Это была одновременно и очень забавная и очень эффектная сцена — непрестанное бормотание толпы как бы разбивалось о застывшего в молчаливой неподвижности и, казалось, такого же неодушевленного, как колонны собора, Сэма. Она производила бы впечатление. Но она не была необходима — и мистер Говард ее выбросил. Однако весьма вероятно, что сначала было необходимо полностью ее написать, и лишь тогда становилось ясно, следует ее сохранить или выбросить. Мистер Говард также сначала написал, а затем исключил из спектакля сцену холостяцкого обеда в Лондоне, на котором А. Б. Хэрд знакомит Сэма с американскими бизнесменами, живущими в английской столице; сцену (которую я тщетно молил сохранить), где Сэм, верный традициям американских мужей, в их первый вечер в Лондоне обзванивает всех знакомых в поисках кого-нибудь, кто составил бы им компанию за обедом и избавил Фрэн от страшной перспективы обедать tete-A- tete с мужем; а также сцену в английском загородном доме, где они знакомятся с миссис Кортрайт.

V

Зрители, видевшие в роли миссис Кортрайт очаровательную Нэн Сэндерленд, понятия не имеют, какого труда стоило заблаговременно ввести эту несносную Кортрайт в пьесу и постепенно подготовить зрителя к заключительным сценам, где она играет столь важную роль. В романе она впервые появляется на 222-й странице — Сэм и Фрэн приходят с рекомендательным письмом на ее венецианскую квартиру (которую мистер Говард попросту у нее отобрал). Для романиста это не составляло проблемы, поскольку, когда наконец миссис Кортрайт появилась в романе, он мог отвести ей сколько угодно места. Но в пьесе зрителя надо было заранее с ней познакомить, хотя бы мимоходом.
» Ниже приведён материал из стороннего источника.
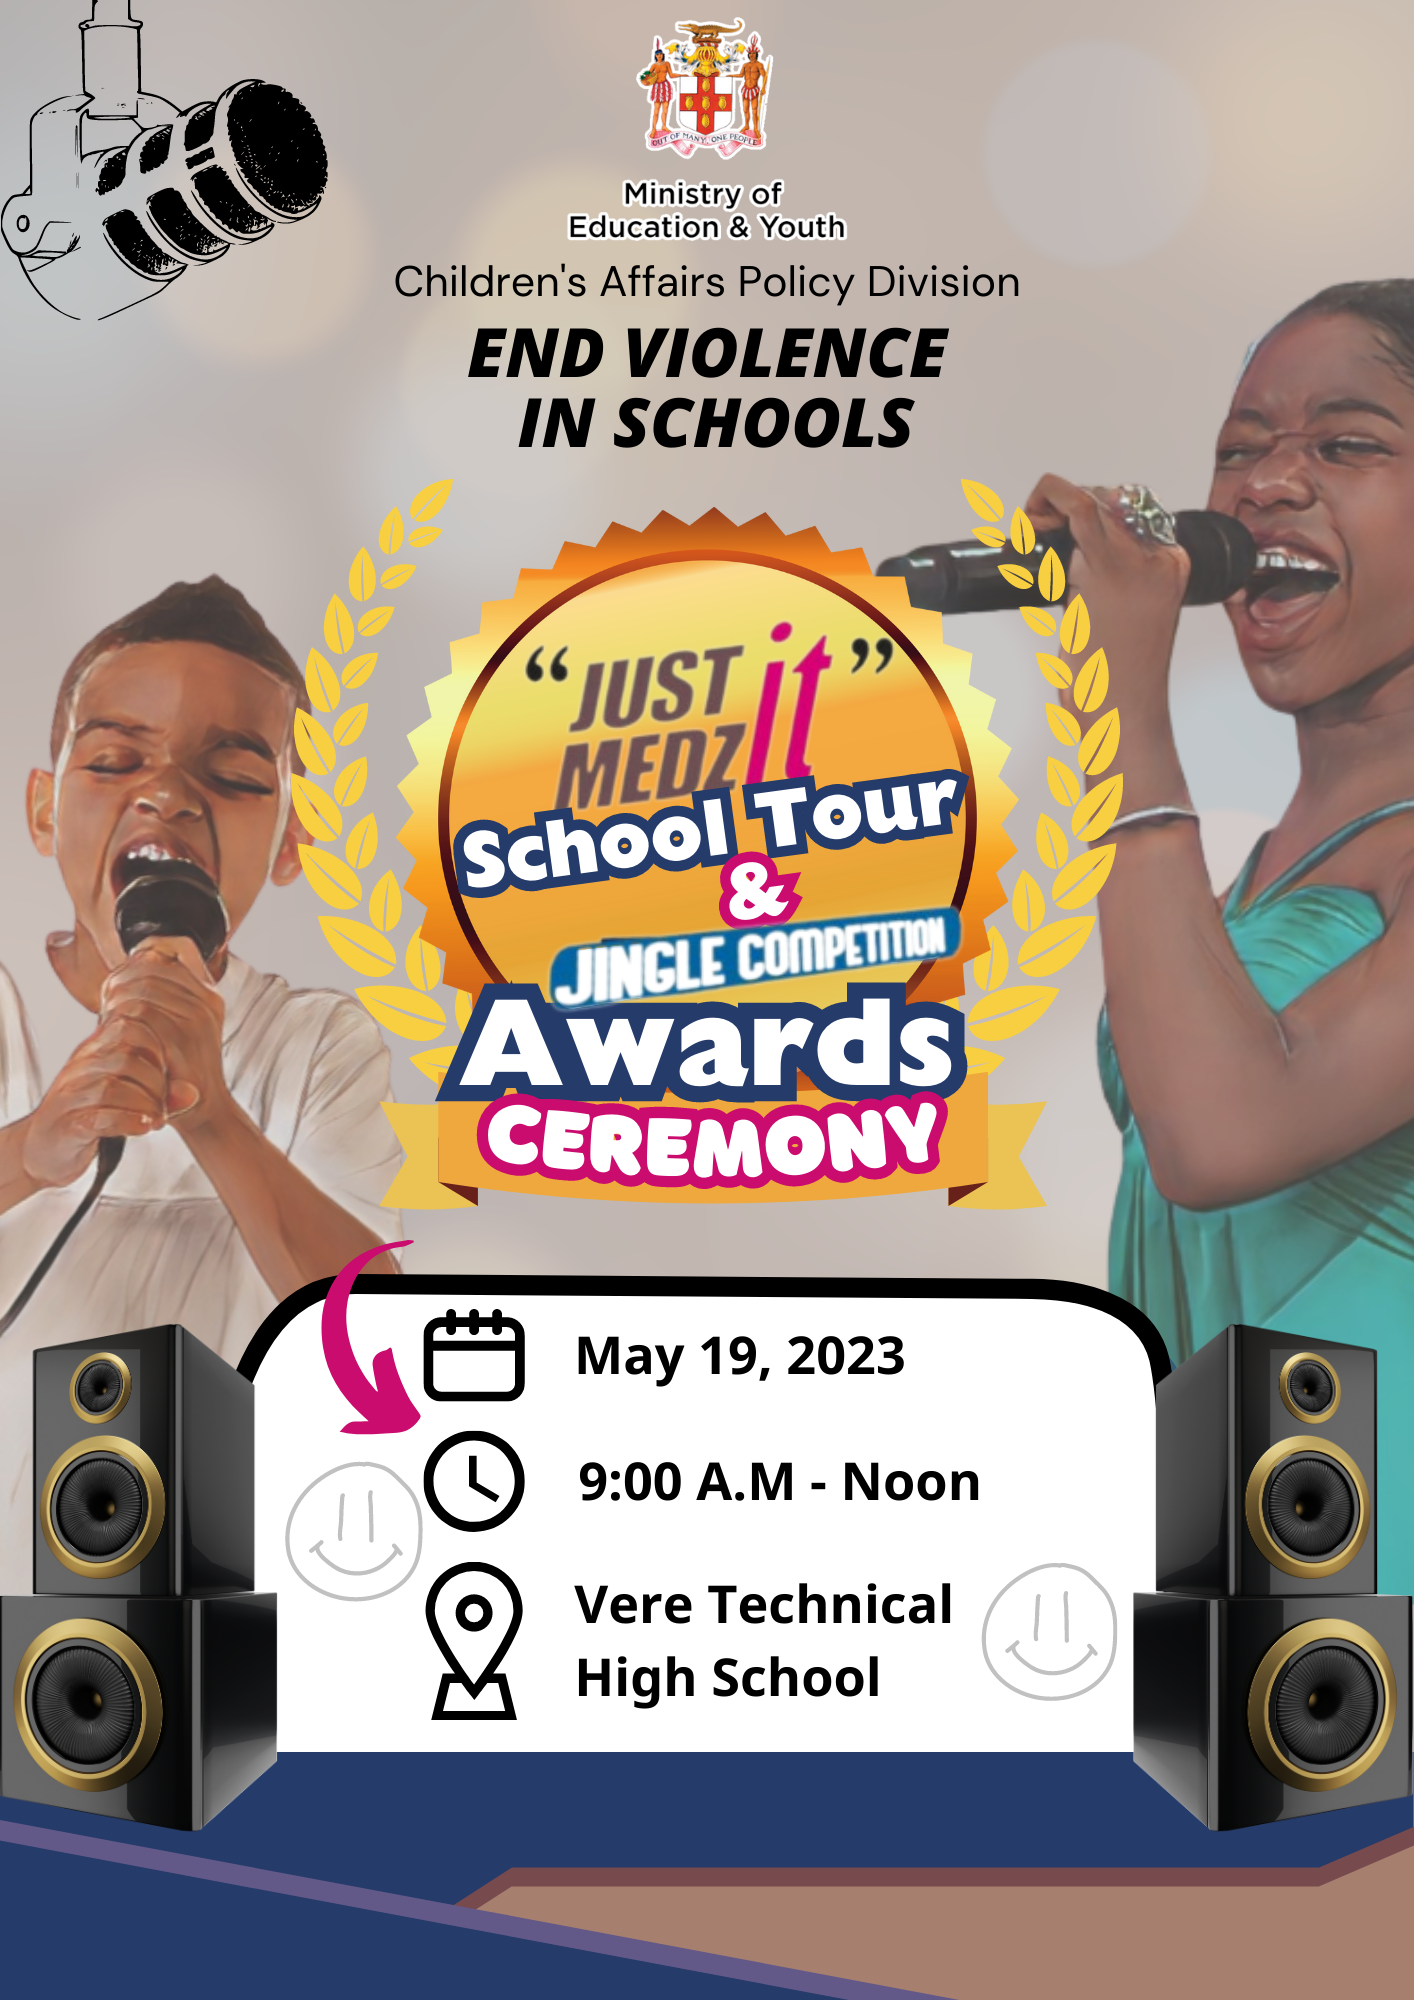 Just Medz It School Tour and Jingle Competition Awards Ceremony

Человеку, читающему пьесу или присутствующему на спектакле, появление миссис Кортрайт покажется, как оно сейчас кажется и мне, вполне естественным. Он и не представляет, как основательно пришлось перетасовать эпизоды и действующих лиц, чтобы высвободить для нее место. И здесь тоже инсценировщик отошел от канвы романа, и опять этот отход вполне оправдан.

По сравнению с романом инсценировка понесла и другие потери, равноценные исчезновению венецианской квартиры миссис Кортрайт. Сэм и Фрэн теряют сына — его поглотила Эмили, их дочь. Мадам де Пенабль каким-то образом утратила свой акцент. И уж вовсе не знаю, как случилось, что Курта разжаловали из графов в бароны. Видимо, это произошло в последние дни перед премьерой, когда мистер Говард по ночам переписывал целые сцены «Додсворта» в Филадельфии, а днем ухитрялся присутствовать на репетициях его собственной пьесы «Желтый Джек» в Нью-Йорке и производил впечатление довольно занятого человека. Сын, титул, акцент — казалось бы, потери немаловажные, но я, автор, ни капли их не оплакивал.

VI

В пьесе удобнее иметь одну дочь вместо дочери и сына; точно так же одно лицо — преемник Сэма — Генри Хаззард — заменяет в пьесе всех его друзей, которые в романе, не переставая любить Сэма, забывают его, пока он странствует по Европе. В романе такого персонажа не было, а под именем Генри Хаззарда фигурировал доктор, не имевший никакого отношения к деловым занятиям Сэма. В пьесе Сэм поглощен уже не фургонами и пригородным строительством, как в романе, а самолетостроением, которое представляется инсценировщику гораздо более романтичной отраслью промышленности.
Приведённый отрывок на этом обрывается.